Inhibitory effects were clearly identified in short-term in vitro experiments, but this was not the case in clinical tests. Several reasons may account for this discrepancy. First, pollinosis symptoms are not only caused by mast cells but also by other inflammatory cells of the immune system. Although mast cells play a critical role as initiators of IgE-dependent immediate hypersensitivity17 and the suppression of mast cell activation eventually leads to suppression of the entire inflammatory response, this process may take time. Secondly, the mast cells may have already been primed before the pollen season because the immunological microenvironment of patients with seasonal allergic rhinitis shifts to Th2- mediated responses.18 Thus, at allergen exposure the 'primed' mast cells would induce an enhanced allergic inflammatory cascade. Therefore, we concluded that O-methylated EGCG is more effective at restraining the primed mast cell activation that occurs prior to antigen exposure and thereby suppresses the symptoms of pollinosis during the cedar pollen season. It has been reported that early treatment with antihistamine or anti-leukotriene drugs before cedar pollen dispersal is very effective.19 The present clinical effects of long-term intake of O-methylated catechins are in agreement with these studies. We suspect that the crucial step for its efficacy may be effective inhibition of primed mast cells before the appearance of an inflammatory cascade.

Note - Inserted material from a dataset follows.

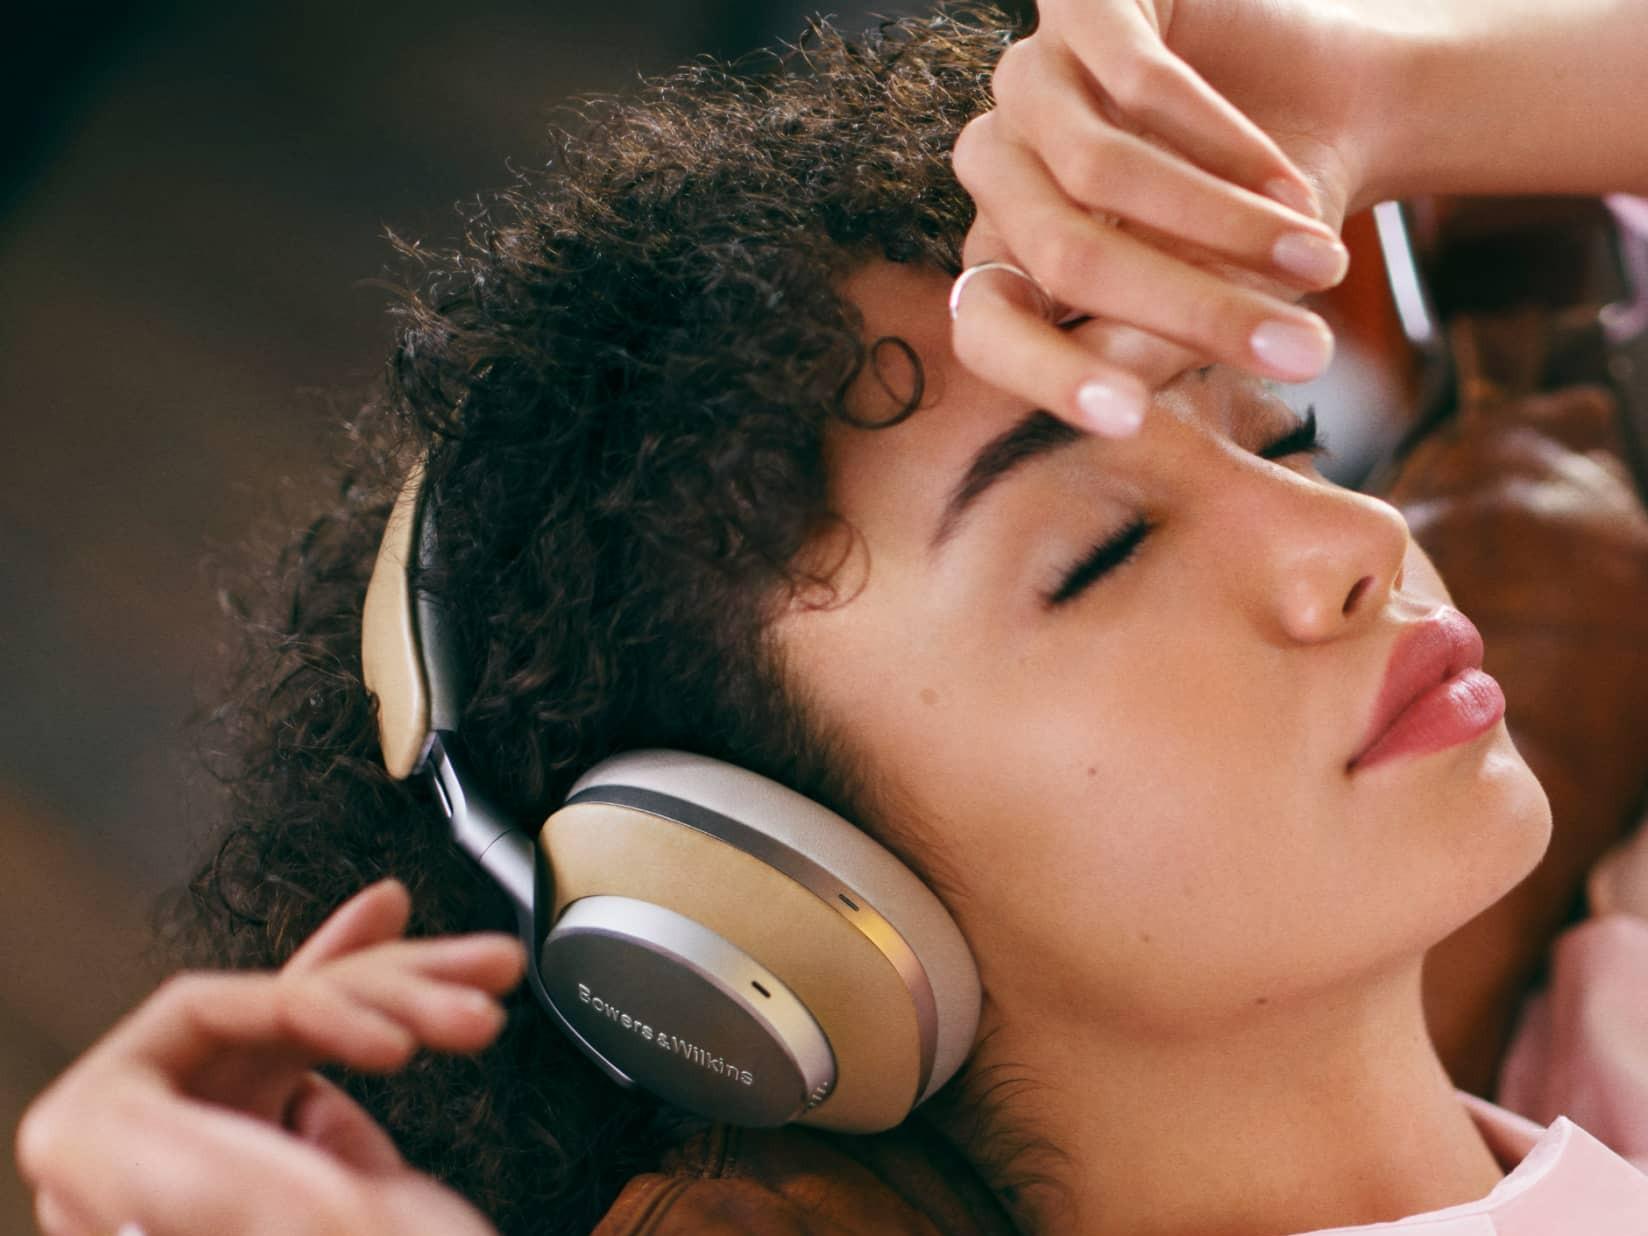 A woman with black curly hair listens with her eyes closed to the white model Bowers & Wilkins headphones
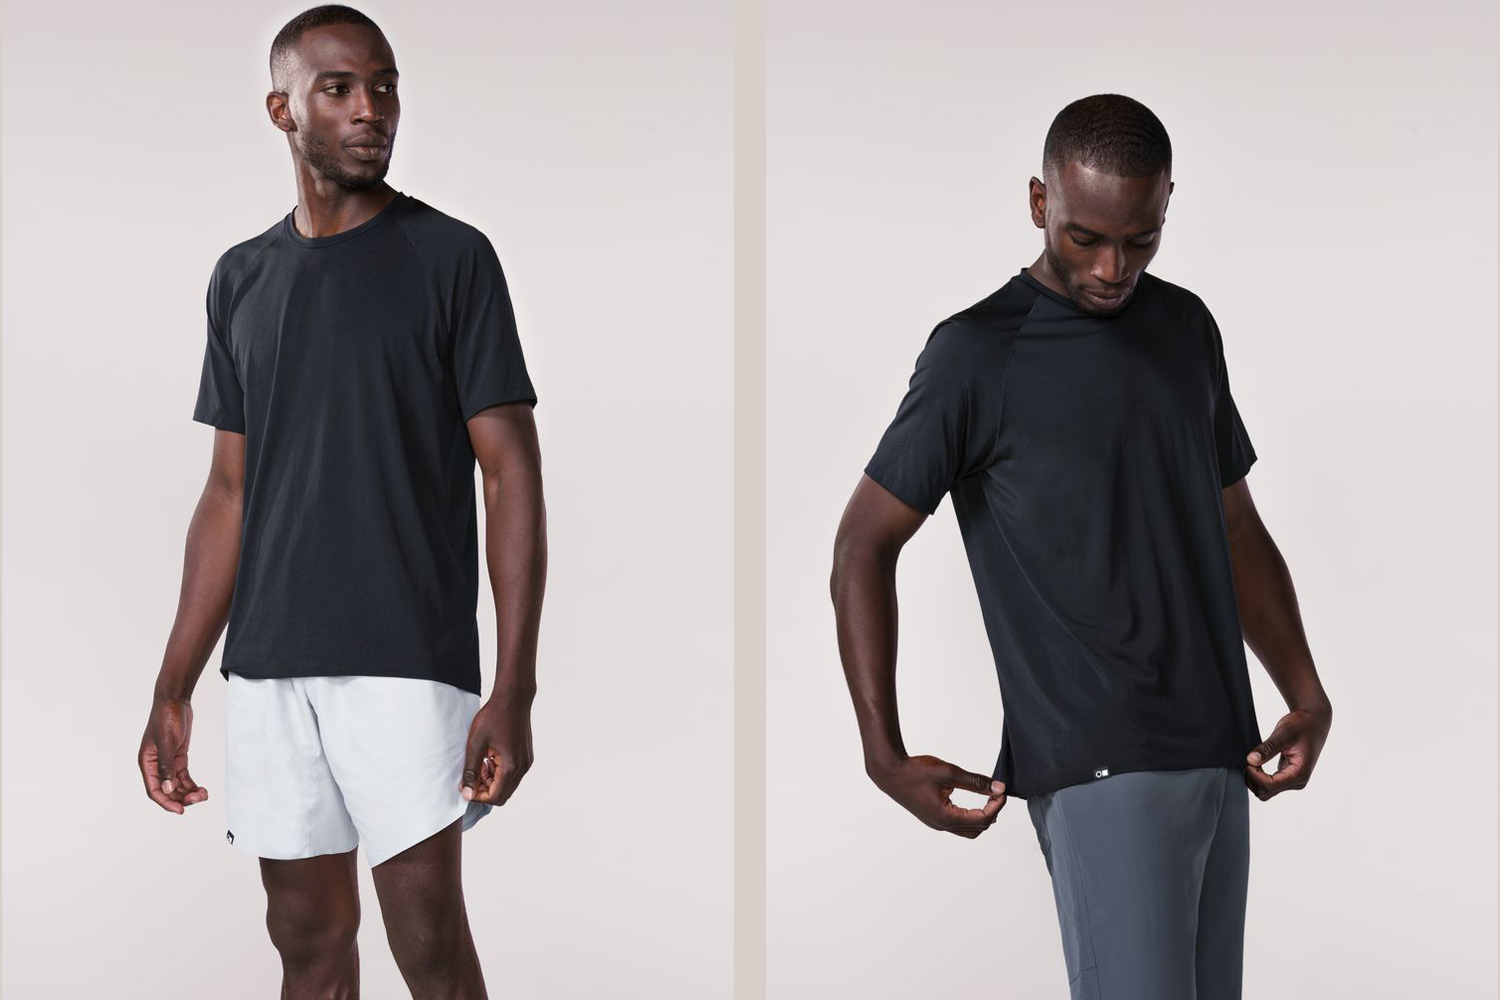 The LifeLabs CoolLife Tee is a stylish, versatile workout tee that keeps you cool in the middle of a workout

The main pillar in the management of seasonal allergic rhinitis is drug treatment such as antihistamines and topical corticosteroids20; however, it is more desirable to relieve the symptoms by modifying lifestyles, for example, by choosing a "better" tea that is consumed every day. The amount of 'benifuuki' taken daily in this study is not an excessive amount. Therefore, a patient with seasonal allergic rhinitis may be able to manage his/her symptoms by drinking 'benifuuki' green tea regularly. We conclude that drinking 'benifuuki' green tea for 1.5 months prior to cedar pollen season is effective in reducing the symptom scores for Japanese cedar pollinosis compared with a short-term intake group which began tea intake after pollen scattering began.